WHAT YOU NEED TO DO:
Your output should be the lines from the one containing "Funko Pop Disney: Stitch" through the end of the listing, exact and inclusive, with no pictures.

[[ DATA EXCERPT, beginning ]]

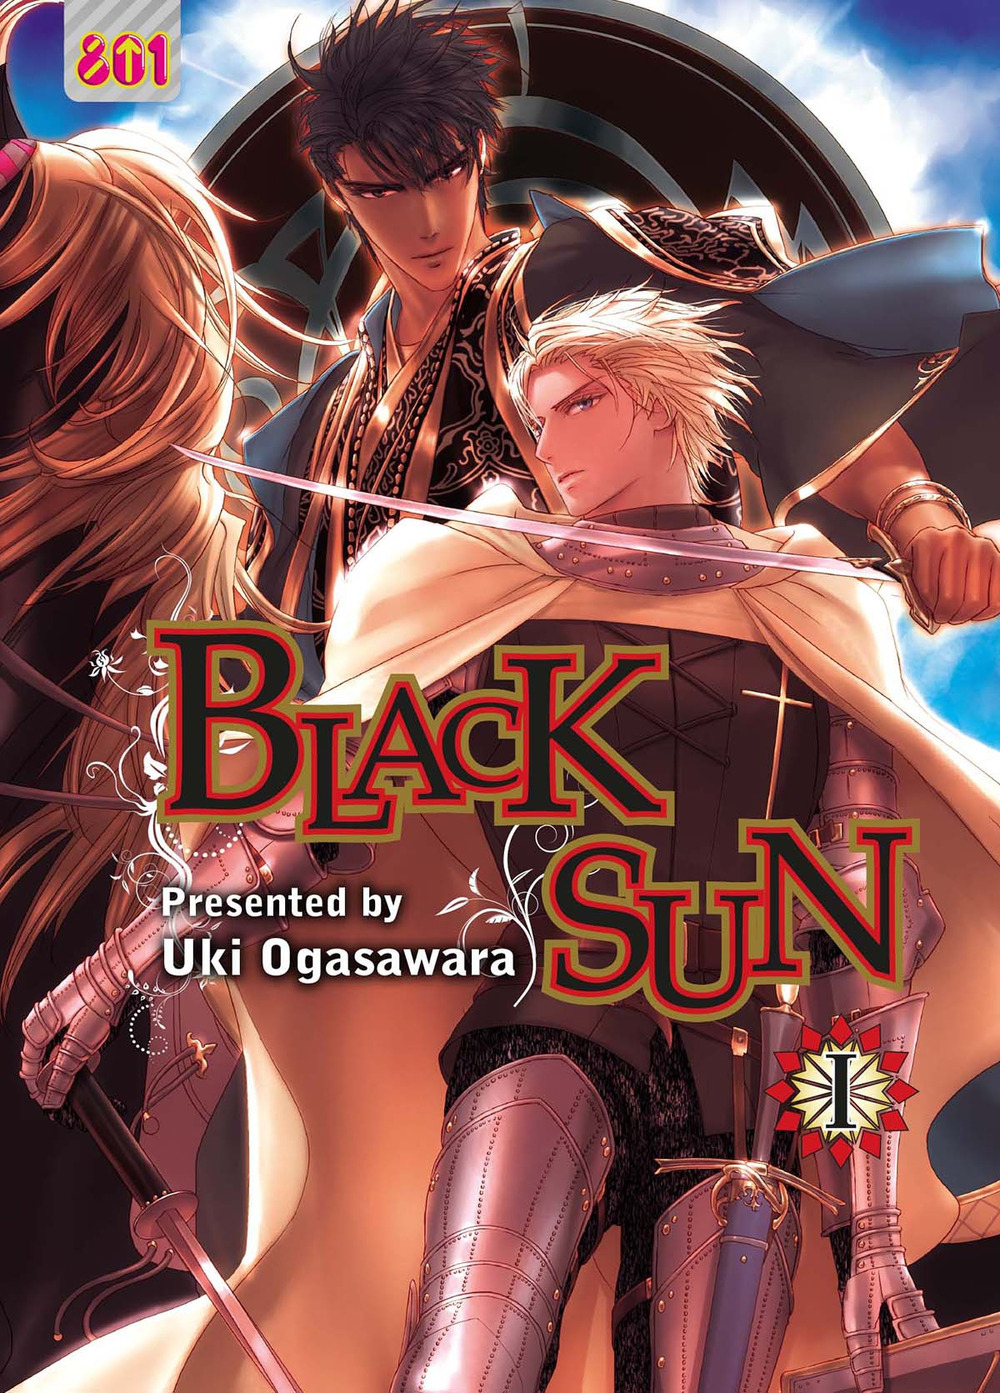 Black Sun. Vol. 1
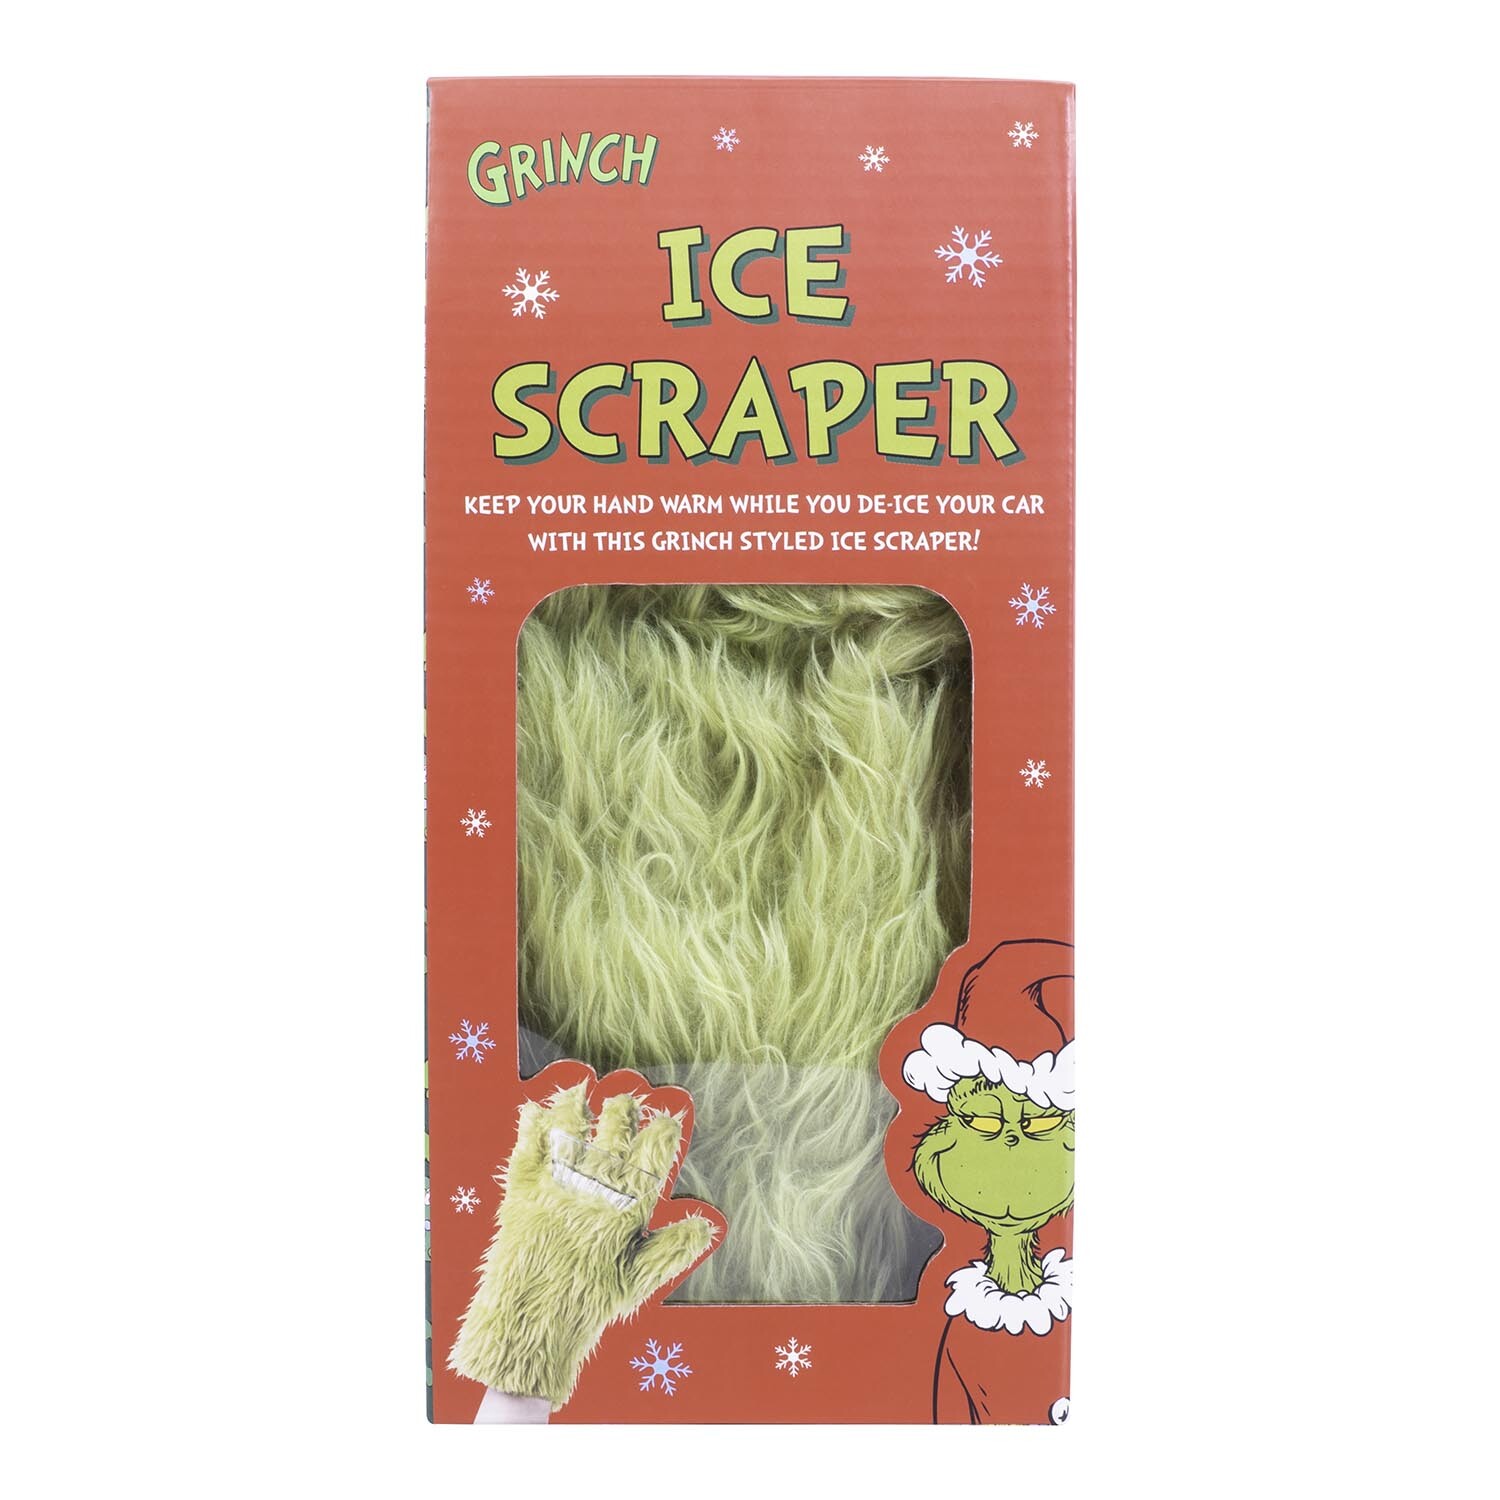 The Grinch Green Ice Scraper Image 1
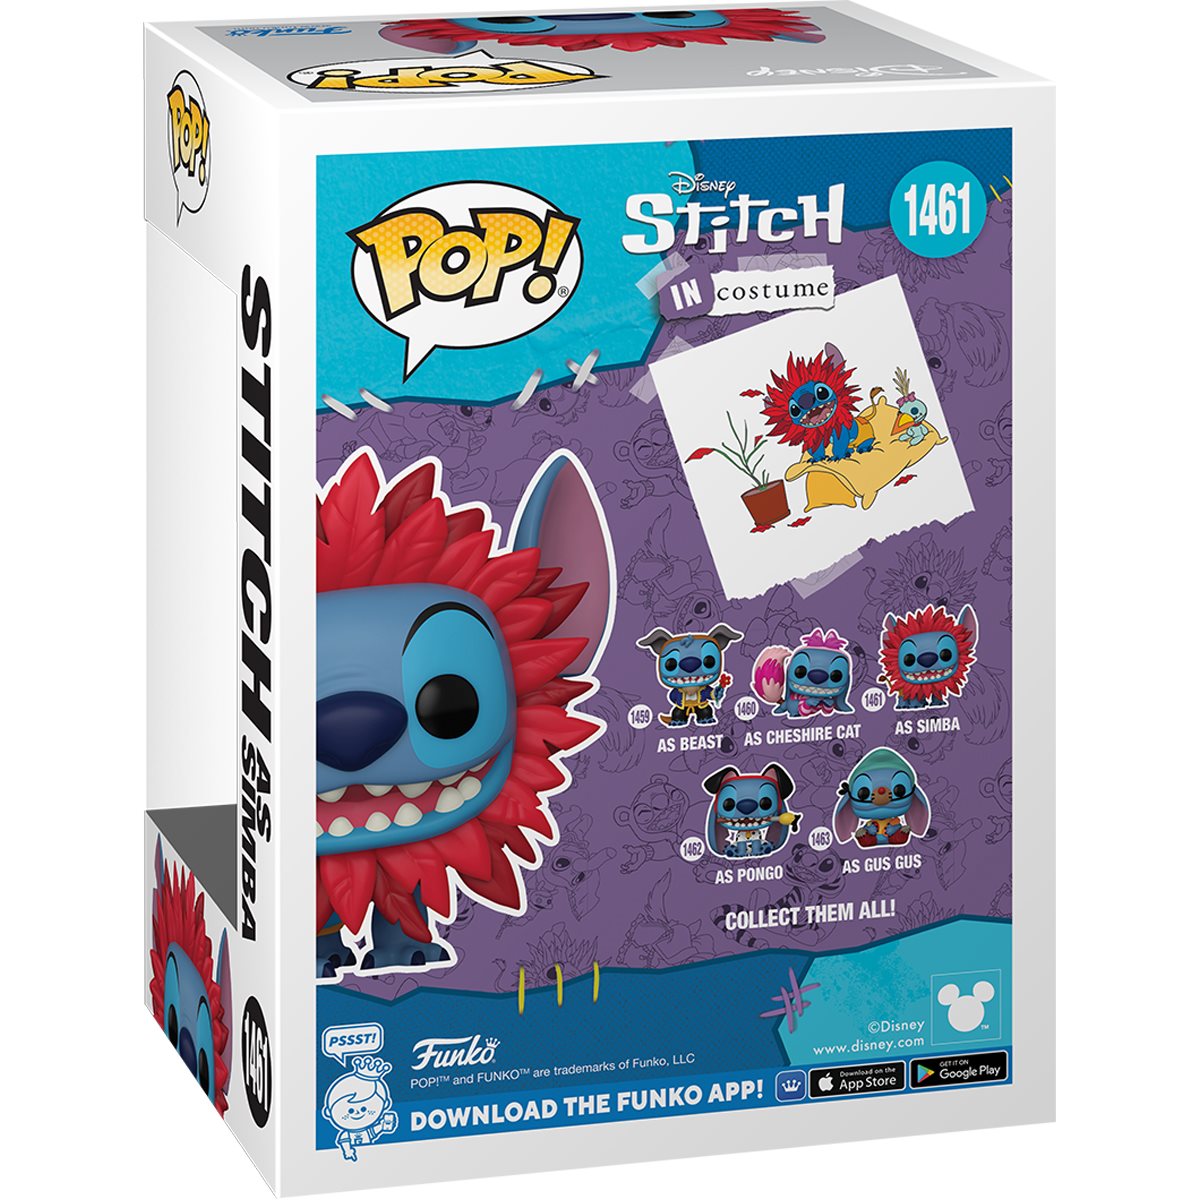 Funko Pop Disney: Stitch In Costume - Stitch Como Simba
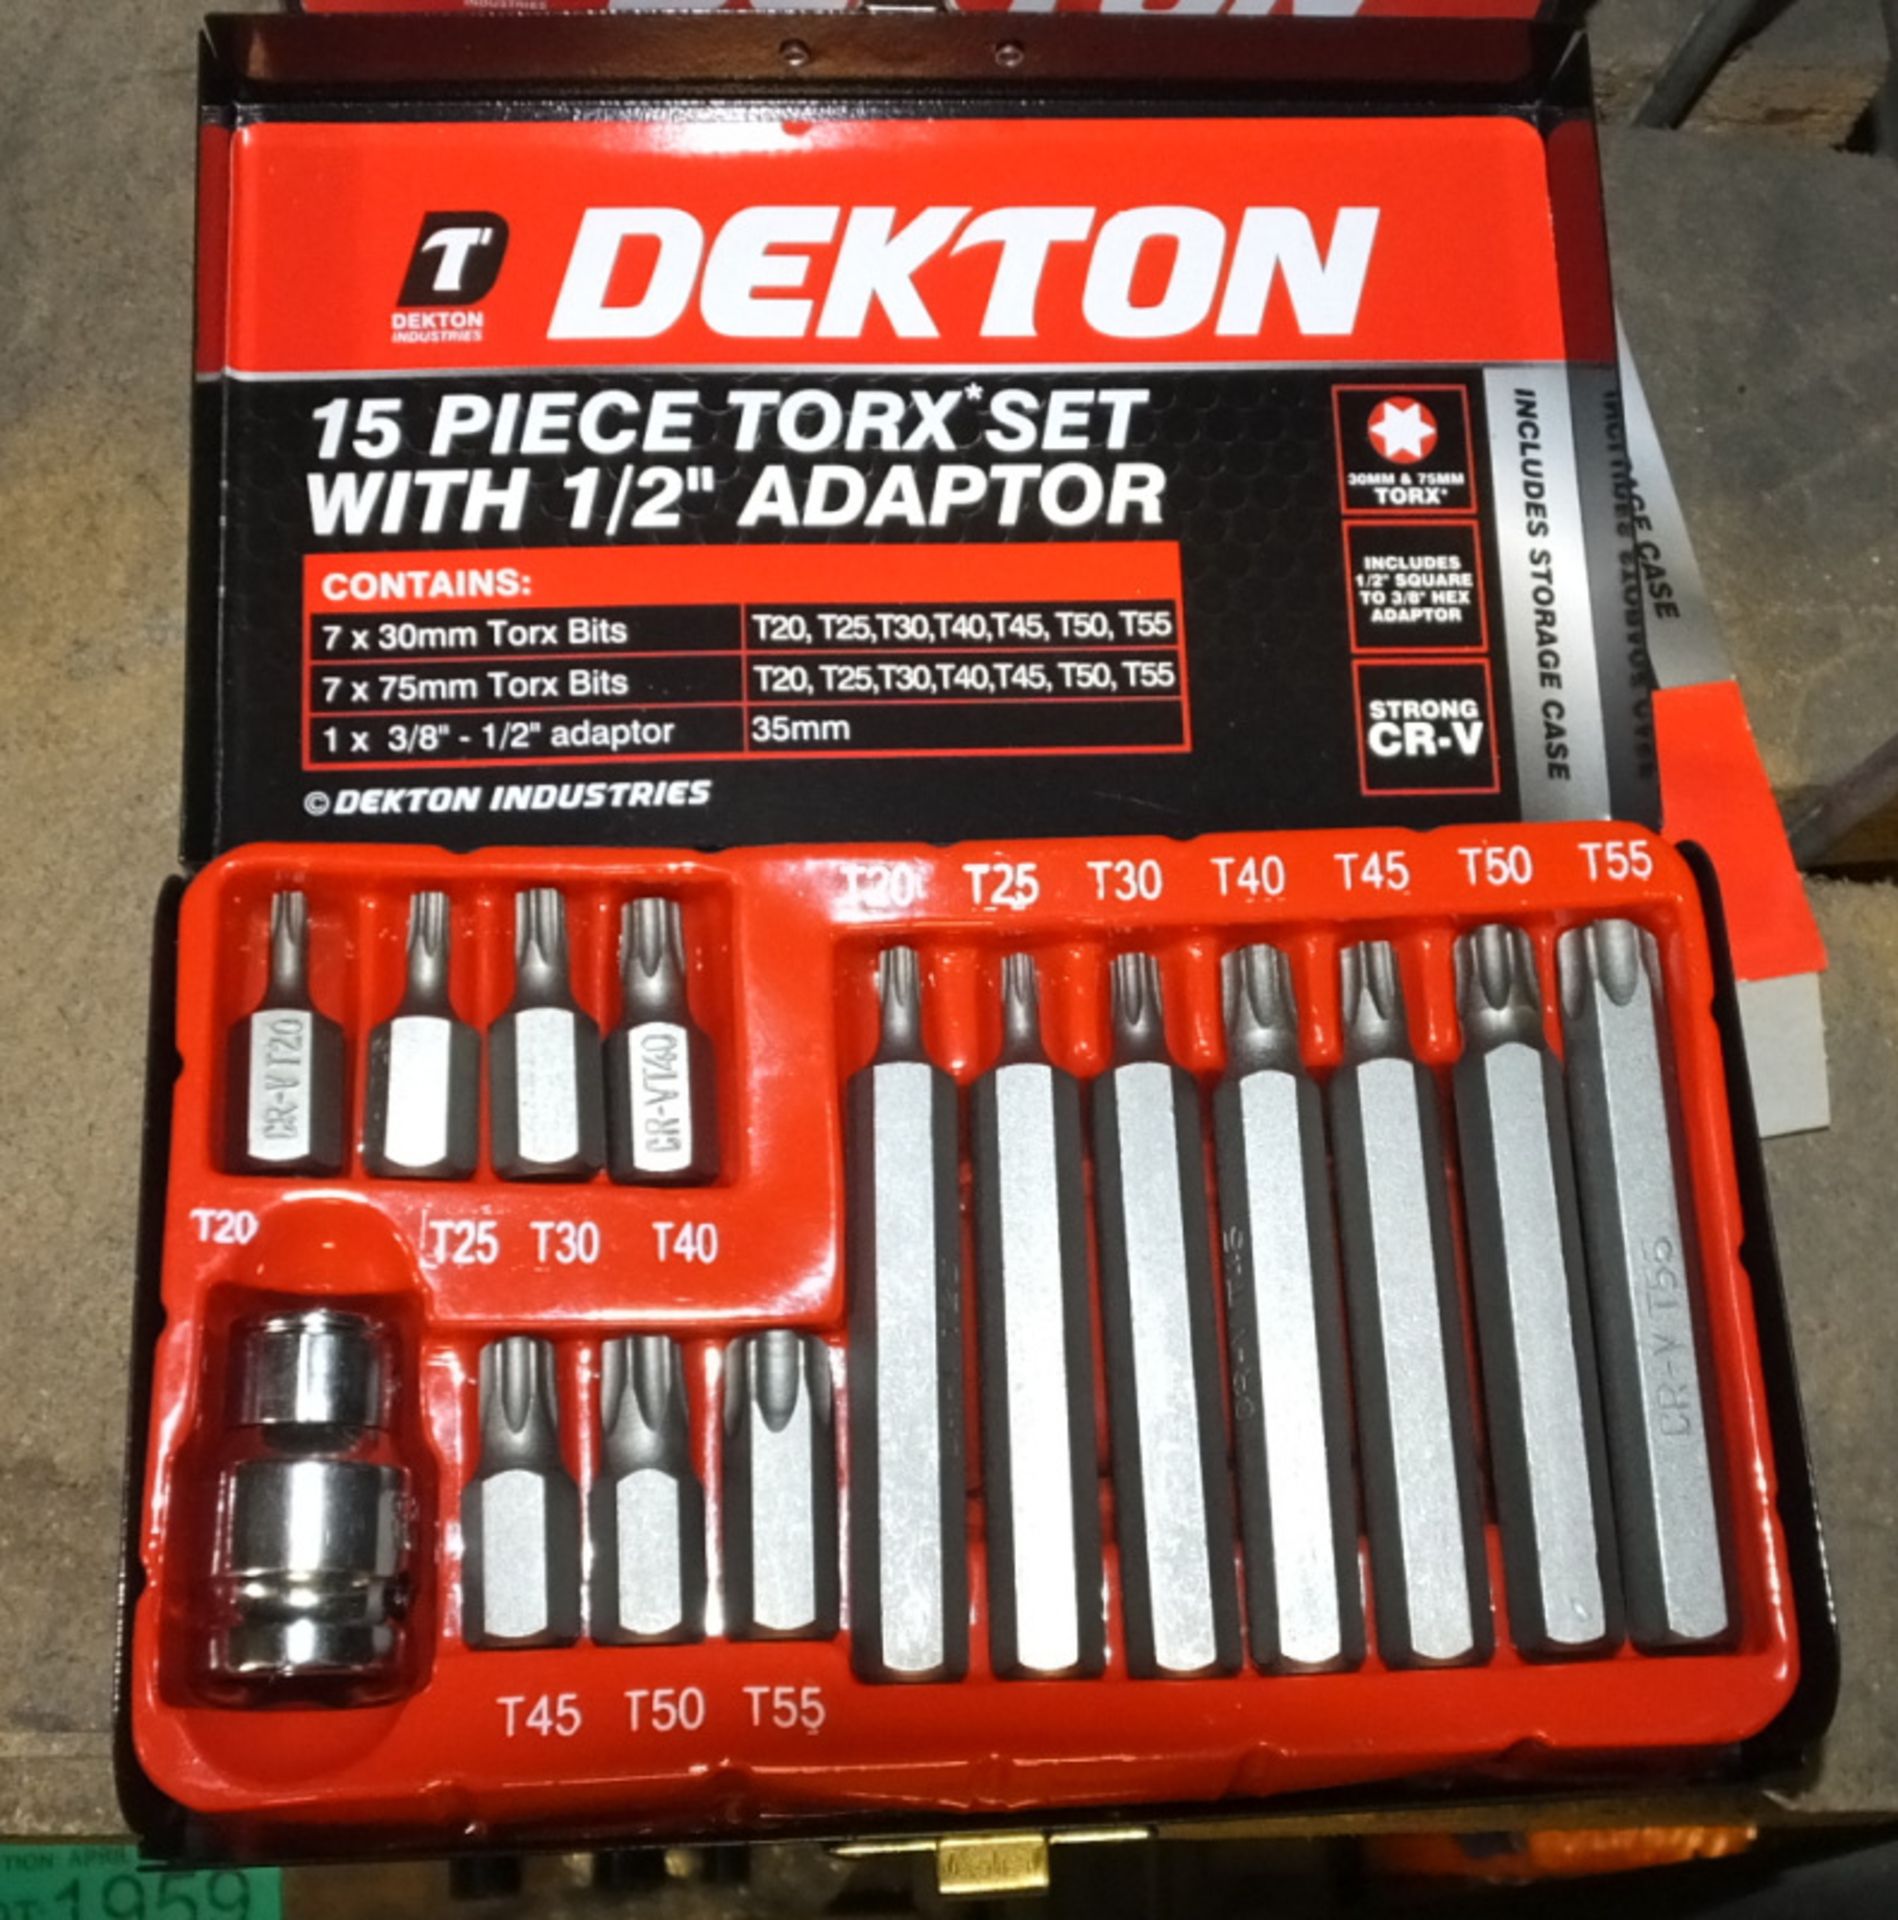 2x Dekton 15 piece Torx Sets with 1/2 inch adapter & 1x Dekton 11 Piece Spline Set - Image 2 of 2

[[ DATA EXCERPT, end ]]

SOLUTION:
 Funko Pop Disney: Stitch In Costume - Stitch Como Simba
 2x Dekton 15 piece Torx Sets with 1/2 inch adapter & 1x Dekton 11 Piece Spline Set - Image 2 of 2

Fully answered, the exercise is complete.